Open JCFerrerG opened this issue 4 years ago • 2 comments

Describe the Bug

computed major_engine_version fails when...

var.engine == "postgres"
var.engine_version == "9.6.18"

The computed value should be 9.6 but actually results in 9 and the following error:

Error: Error creating DB Option Group: InvalidParameterCombination: Cannot find major version 9 for postgres

Expected Behavior

When var.engine_version == "9.6.18", the computed_major_engine_version should be 9.6.

Steps to Reproduce

Steps to reproduce the behavior:

  1. Copy examples/complete to a new terraform configuration.
  2. Change the following variables in fixtures.us-east-2.tfvars:
engine = "postgresql"
engine_version = "9.6.18"
major_engine_version = "9.6" # or set to empty string
db_parameter_group = "postgres9.6"
  1. Run the plan terraform plan -var-file="fixtures.us-east-2.tfvars". Observe that...
resource "aws_db_option_group" "default" {
     ...
     engine_name              = "postgres"
     major_engine_version     = "9"
     ...
}
  1. Apply the configuration with terraform apply -var-file="fixtures.us-east-2.tfvars
  2. See error

Environment (please complete the following information):

Anything that will help us triage the bug will help. Here are some ideas:

  • OS: OSX
  • cloudeposse/terraform-aws-rds v0.26.0
  • terraform v0.12.29

JCFerrerG avatar Dec 17 '20 15:12 JCFerrerG

Actually, my expectation that the major_engine_version follow a pattern of x.x like 9.6 is inconsistent with the assumptions that were implemented in https://github.com/cloudposse/terraform-aws-rds/pull/42 (which expects that version to be a single number).

Open questions:

  • What is the pattern for major version on DB option groups?
  • Is that pattern consistent for different versions of postgres?

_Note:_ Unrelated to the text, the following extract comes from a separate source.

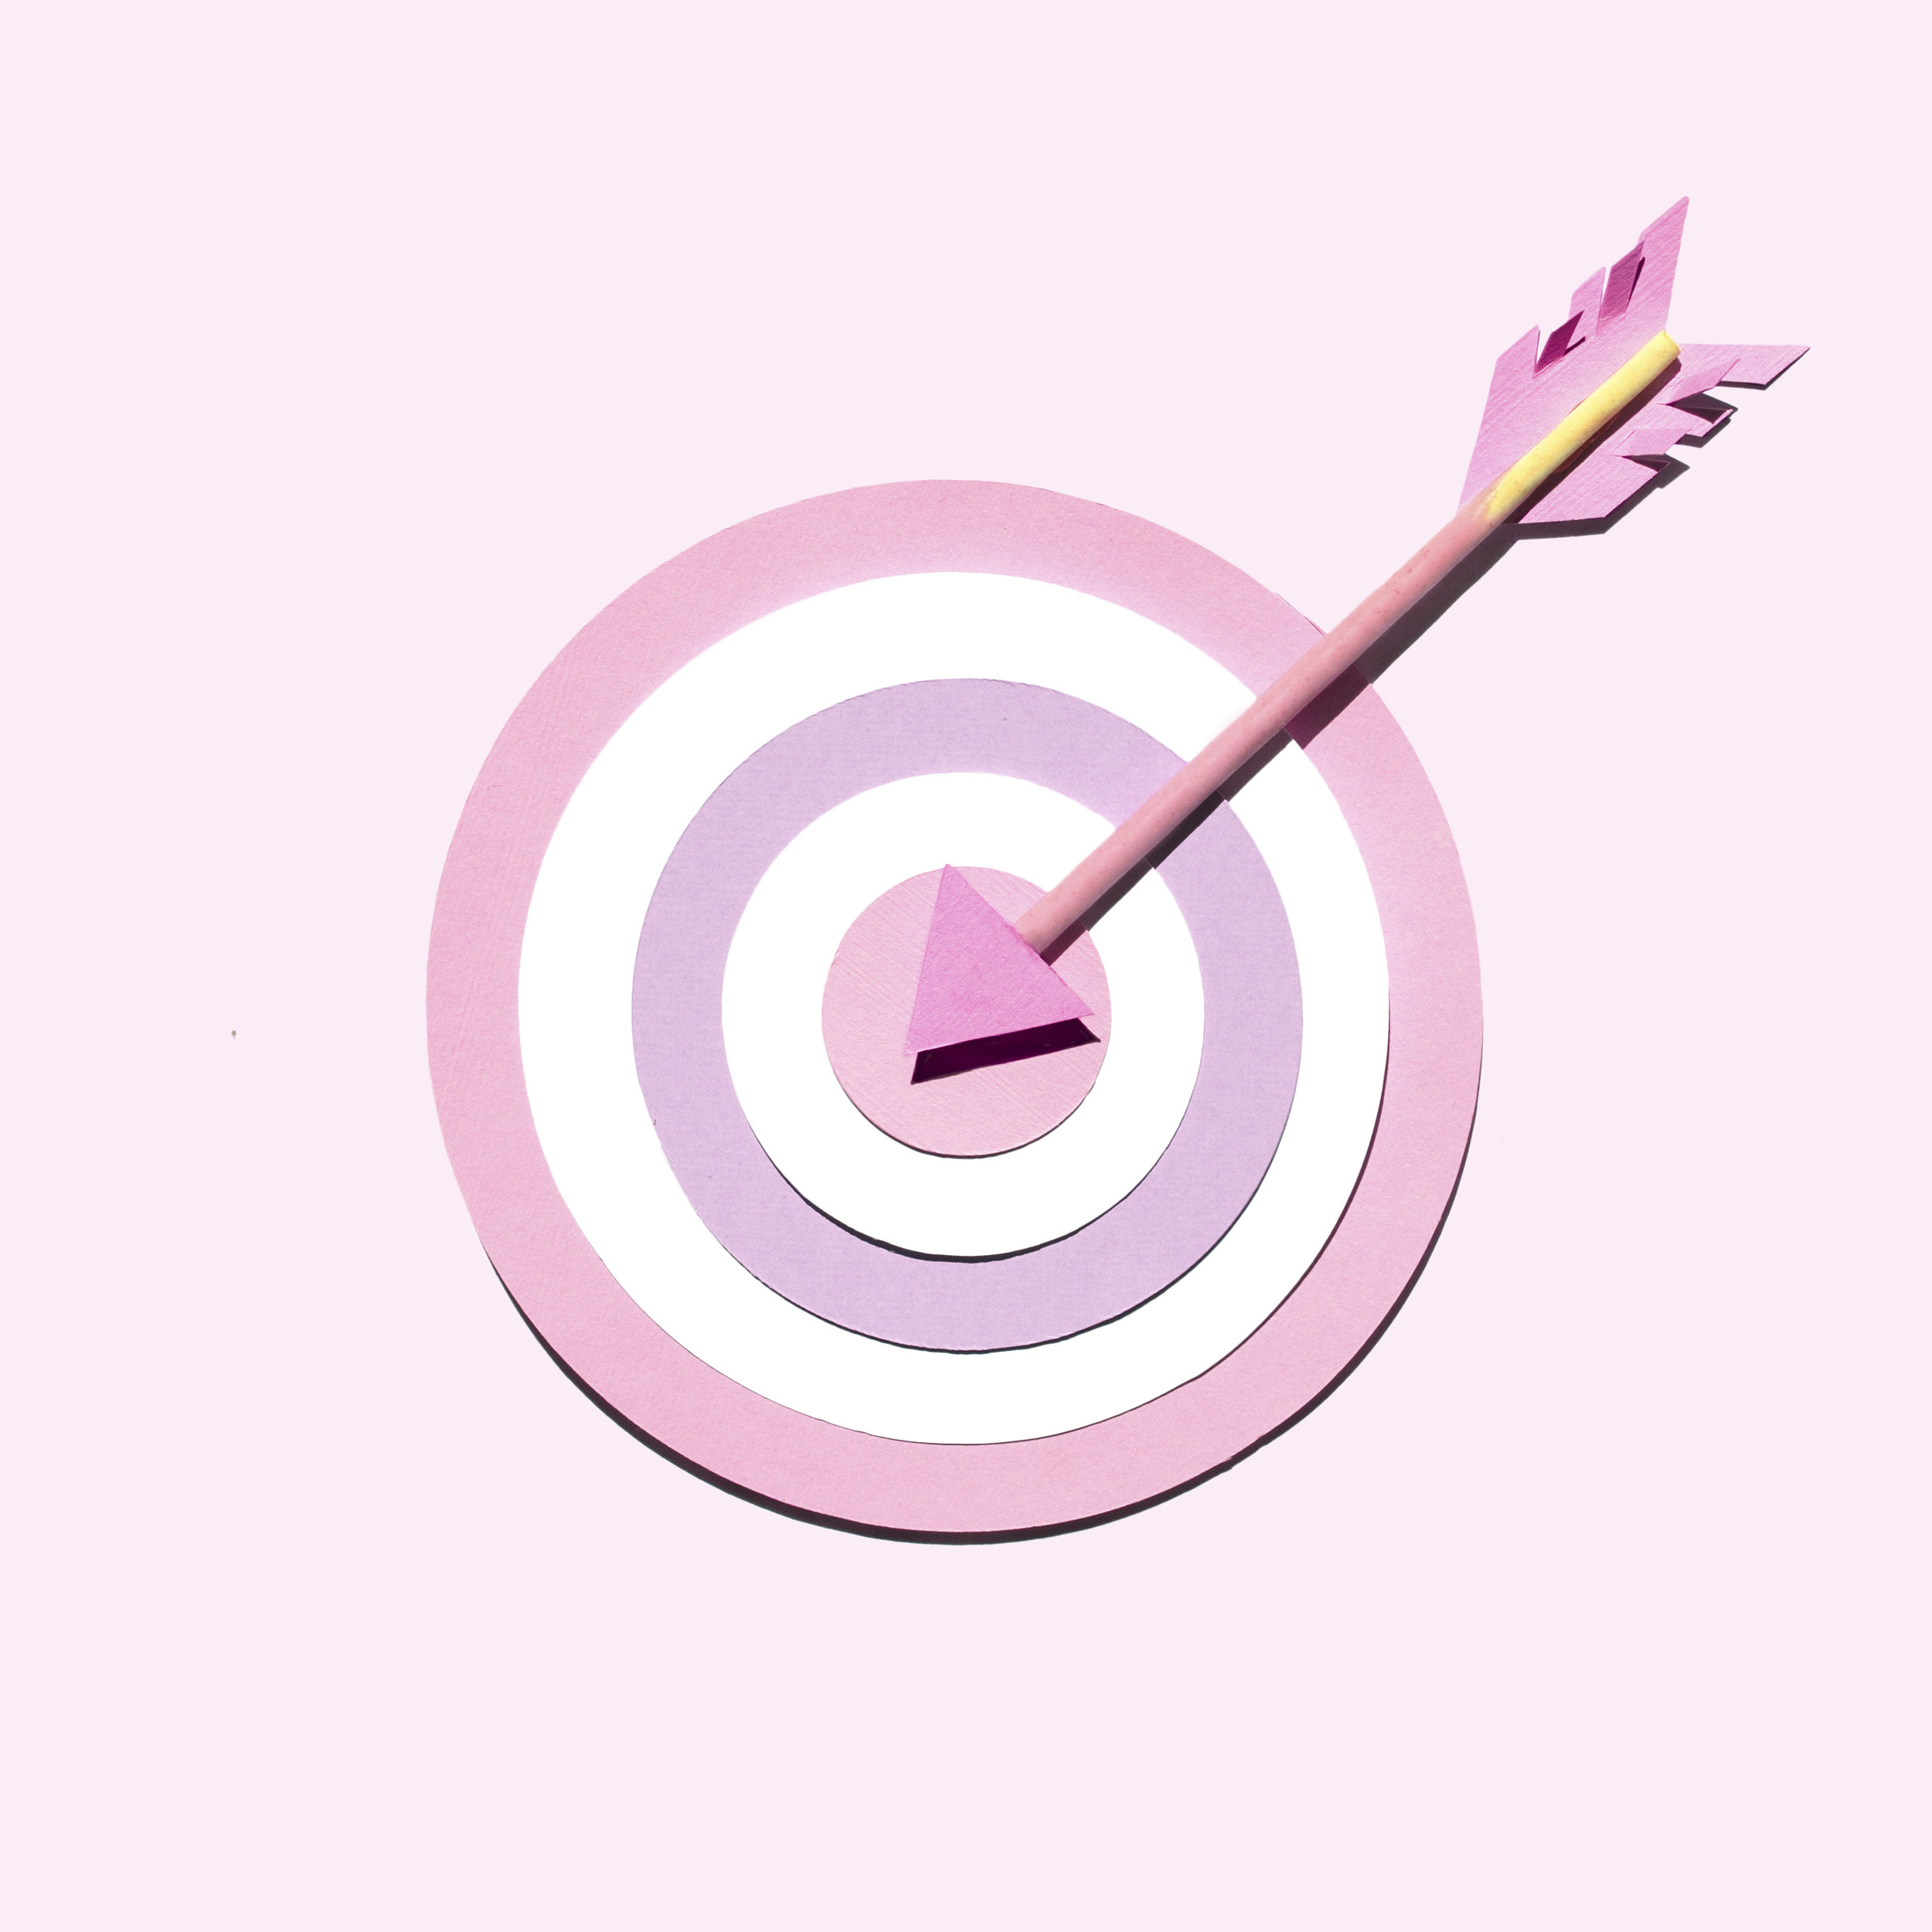 pocky-bullseye.jpg

Maybe it is infeasible to calculate major_engine_version consistently?

If that's the case, I might suggest making major_engine_version required and removing the ability to calculate it (as is the case with aws_db_option_group).

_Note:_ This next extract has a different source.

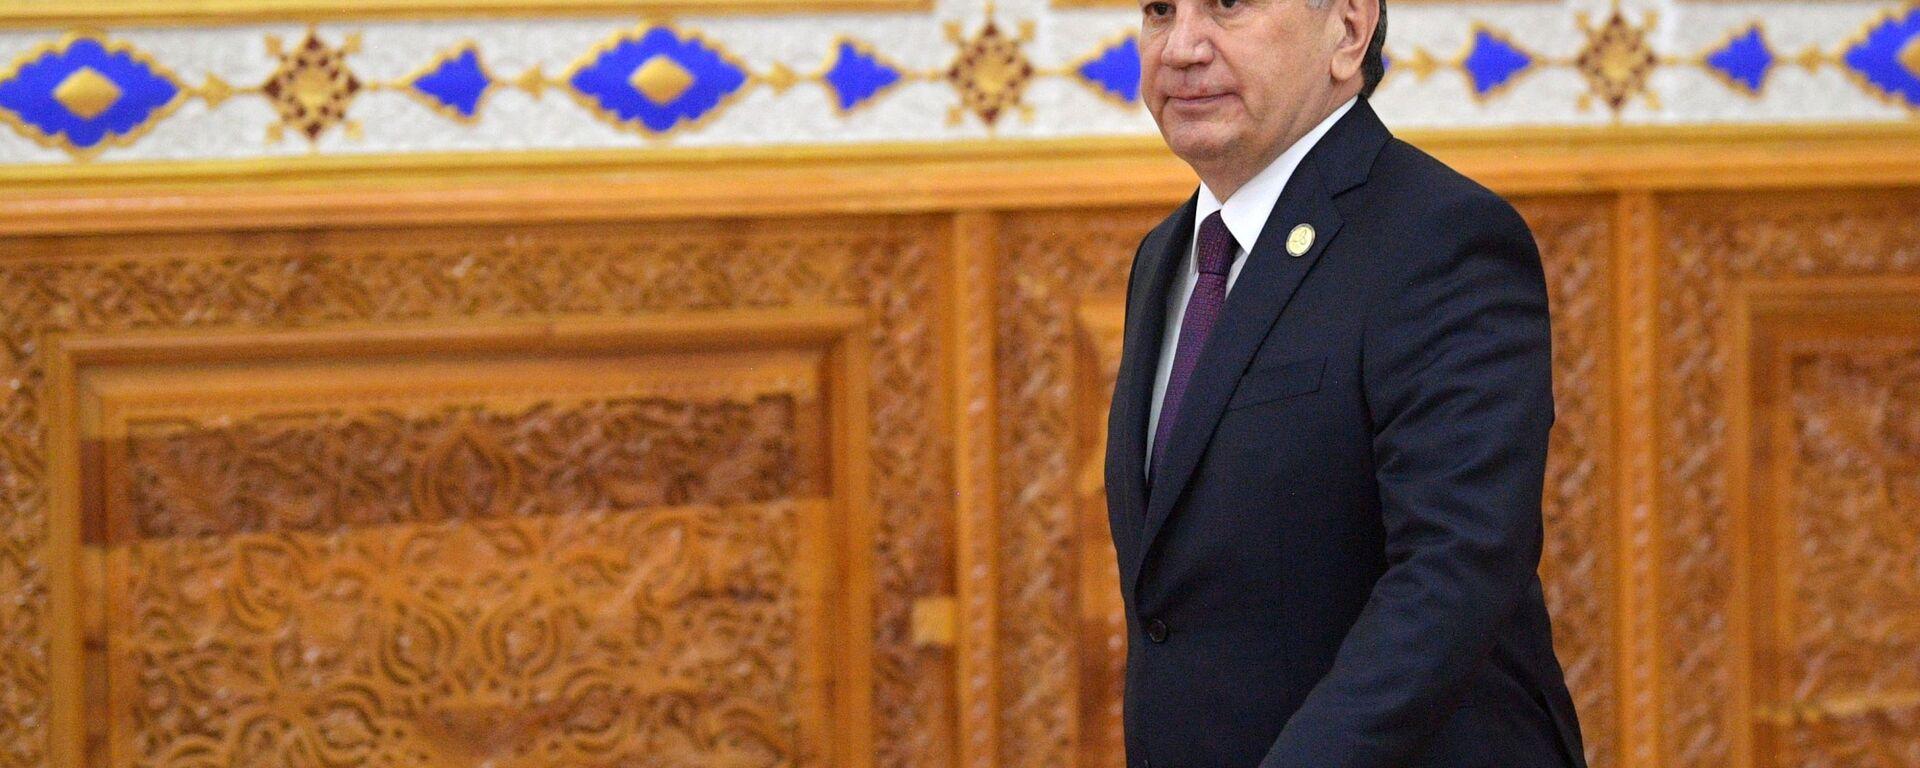 Президент Узбекистана Шавкат Мирзиеев - Sputnik Ўзбекистон, 1920, 23.08.2019

For now, I'll be specifying the var.major_engine_version like in this example: https://github.com/JCFerrerG/terraform-aws-rds/commit/bfd31510dbfe86211a616505fbac6980bfee223a

JCFerrerG avatar Dec 17 '20 16:12 JCFerrerG

If it's of use, we're using a different way to calculate this internally:

# leave the regex open ended, Aurora, Oracle and SQLServer can all contain characters
version_parts = regex("^(?P<major>[0-9]+)(?:\\.(?P<minor>[0-9]+))?", var.engine_version)
version_parts_number = {
  major = tonumber(local.version_parts["major"])
}
is_postgres                  = var.engine == "postgres"
uses_shorthand_major_version = local.is_postgres && local.version_parts_number["major"] >= 10

computed_major_engine_version = local.uses_shorthand_major_version ? local.version_parts["major"] : "${local.version_parts["major"]}.${local.version_parts["minor"]}"
major_engine_version          = var.major_engine_version == "" ? local.computed_major_engine_version : var.major_engine_version

It's working for postgres 9.6, 11, and 12. Feel free to use it here. We're also using this to set aws_db_instance.engine_version, so we don't get state changes whenever an auto-minor update happens.

while the comment talks about other databases, this has only been tested with Postgres. Looking at the docs for sqlserver and oracle, it should still work as expected.